None other than President Obama was running this locomotive, and GOP congressional leaders Mitch McConnell and John Boehner were the chief freight handlers. With the full corporate establishment onboard the TPP, its passage was a done deal. Except for one unforeseen obstacle: you. And you. And you. In other words, the American people!
The more you learned about what the TPP is carrying, the more you realized what a raw deal it is for your democratic rights, your jobs, income, health, environment, food, etc. — so the more involved you got in the StopTheTPP.org movement. “You The People” rose up in nearly every congressional district, and even though the national media didn’t notice you, Congress did. Thus, the done deal derailed — to the shock of Corporados and their politicos, nearly 70 percent of the House voted with the people against the Trans-Pacific Partnership.
Of course Obama & Co. are trying to put their railroad job back on track, but that’ll be a heavy lift. The wreck of the TPP was not due to a glitch in legislative procedure, but to the establishment’s procedural miscalculation that we Americans will just sit still as it autocratically uses secrecy and lies to snatch away our democratic sovereignty.
The contrived wisdom foisted on us by the acolytes of the Holy Corporate Order is that ordinary folks can’t stop the Powers That Be from enthroning both an economic oligarchy and political plutocracy over us.
Indeed, the power elites on Wall Street, in Washington and up in the corporate suites got a major comeuppance when the U.S. House rejected their TPP scheme last Friday. The Trans-Pacific Partnership masqueraded as a free trade agreement, but of the 30 chapters of this thousand-page document, only six deal with trade — the other 24 add up to a book of anti-democratic horrors, further rigging the system to enrich the global corporate elite, while ensuring ever-widening inequities for the rest of us.But as a friend of mine puts it: “Those who say it can’t be done should not interrupt those who are doing it.”

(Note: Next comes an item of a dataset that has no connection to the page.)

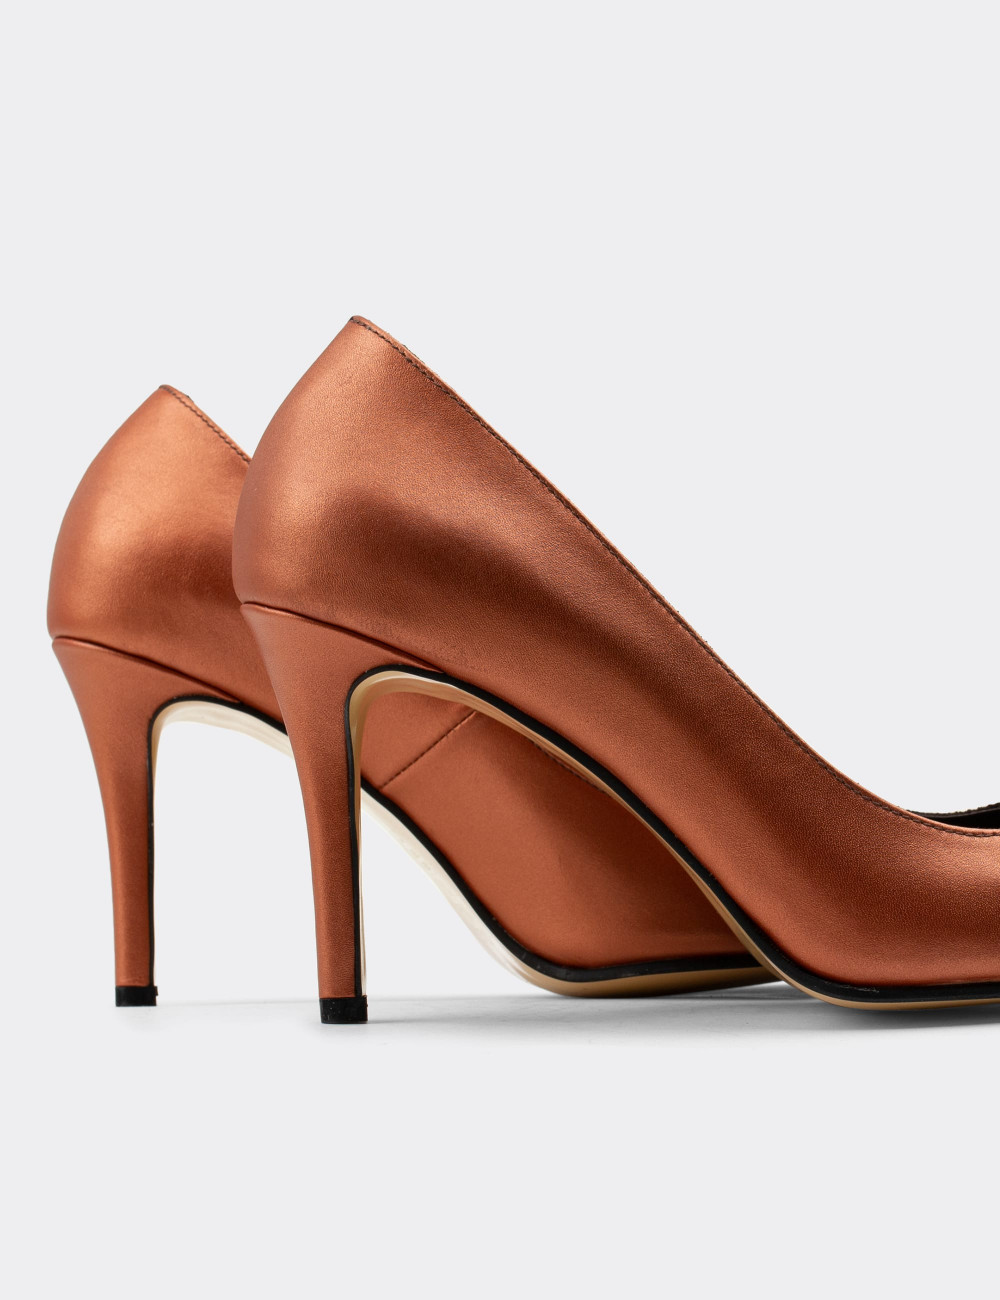 Hakiki Deri Bakır Rengi Stiletto Kadın Topuklu Ayakkabı - D2029ZBKRM01
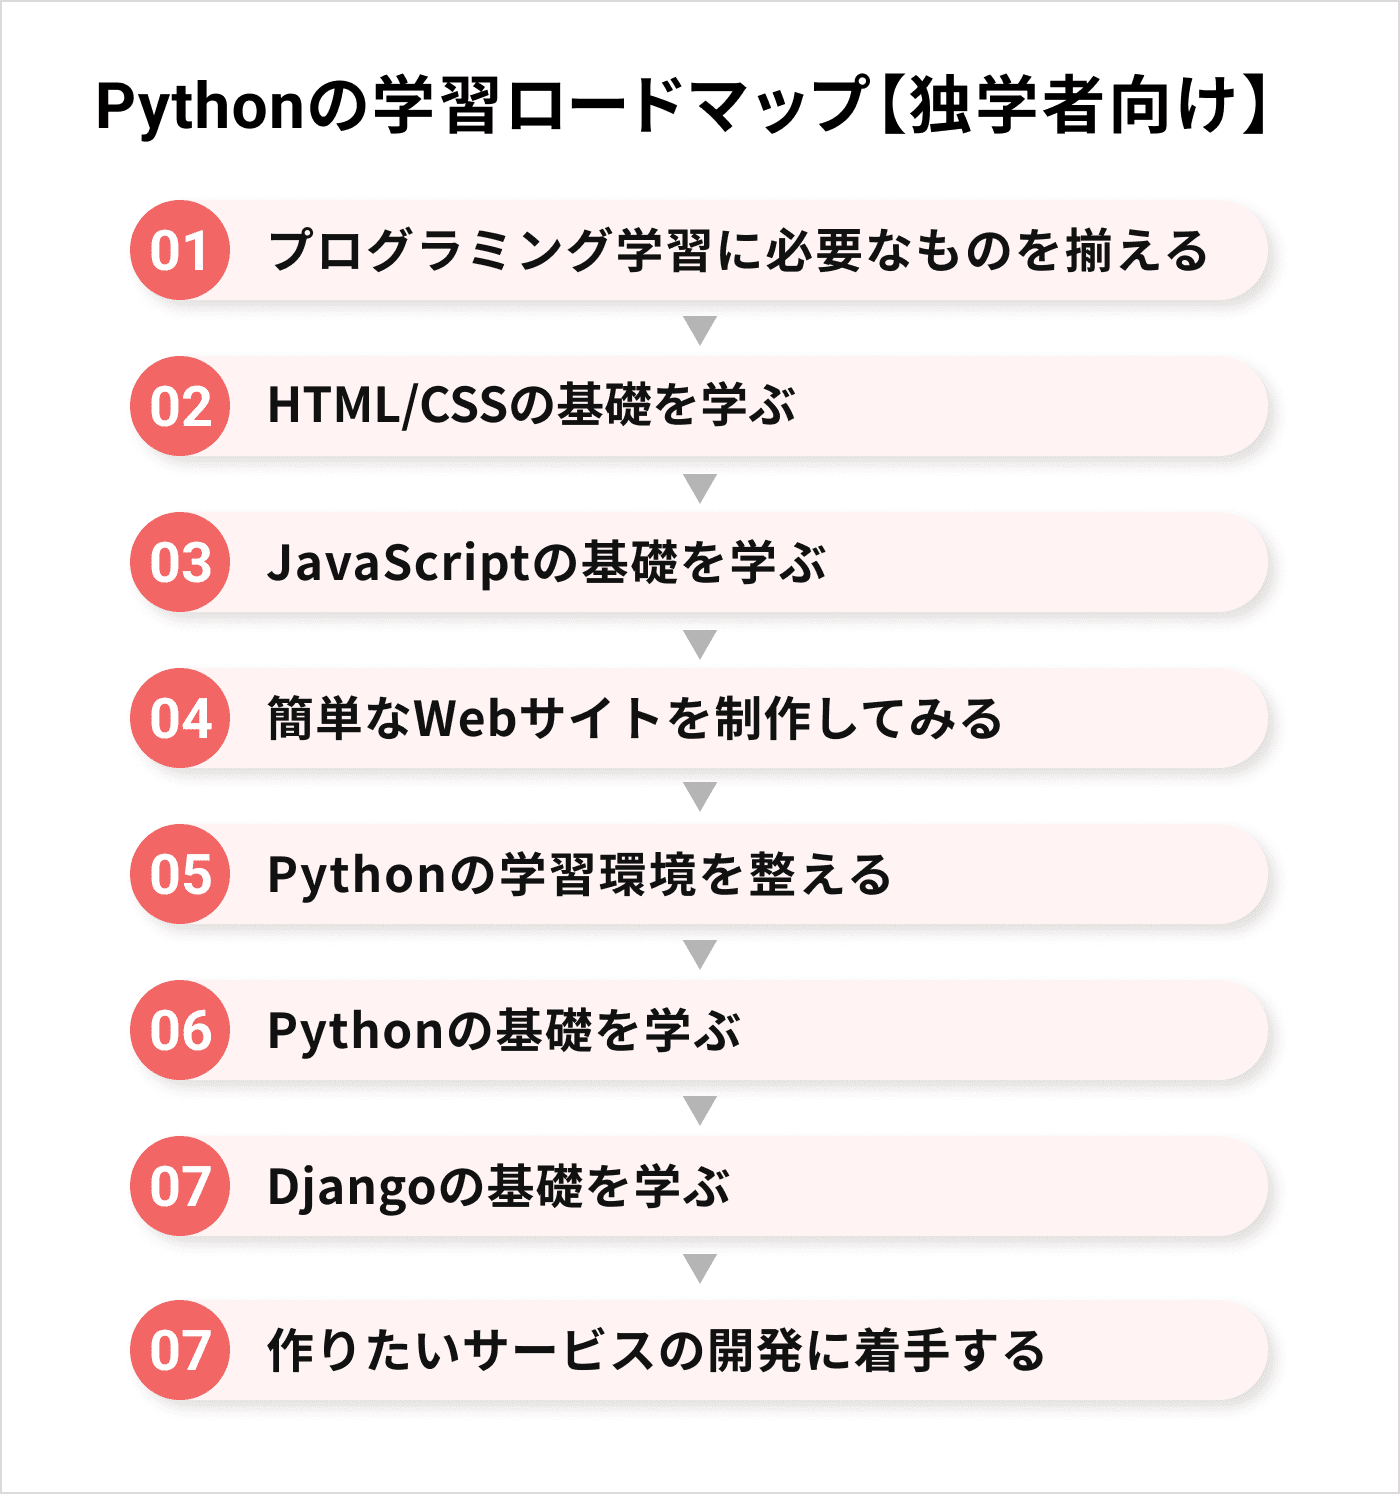 Pythonの学習ロードマップ【独学者向け】

Yet, the elites got a comeuppance because…well, because the grassroots literally came up. Such smart, savvy and scrappy public interest champions as Lori Wallach of Public Citizen’s Global Trade Watch and Larry Cohen of the Communications Workers of America dug out the details of TPP’s secret power play and went to the countryside to alert regular Americans. They and many, many others strategized, organized and mobilized, creating a mass coalition to oppose the entrenchment of what would be a global corporate kleptocracy. This was building beneath the radar of the clueless establishment media, which continue to assert that opposition to the TPP is coming from labor unions. Labor has certainly been key, but it is hardly alone, for environmental groups, small businesses, mayors, state officials, religious leaders, family farm advocates and a wide array of other grassroots activists have enlisted in the crucial democratic cause.
What we have here is something big, something important for the long run: The beginning of a cohesive, comprehensive movement to restore a forward-looking people’s politics based on the egalitarian principle that we’re all in this together.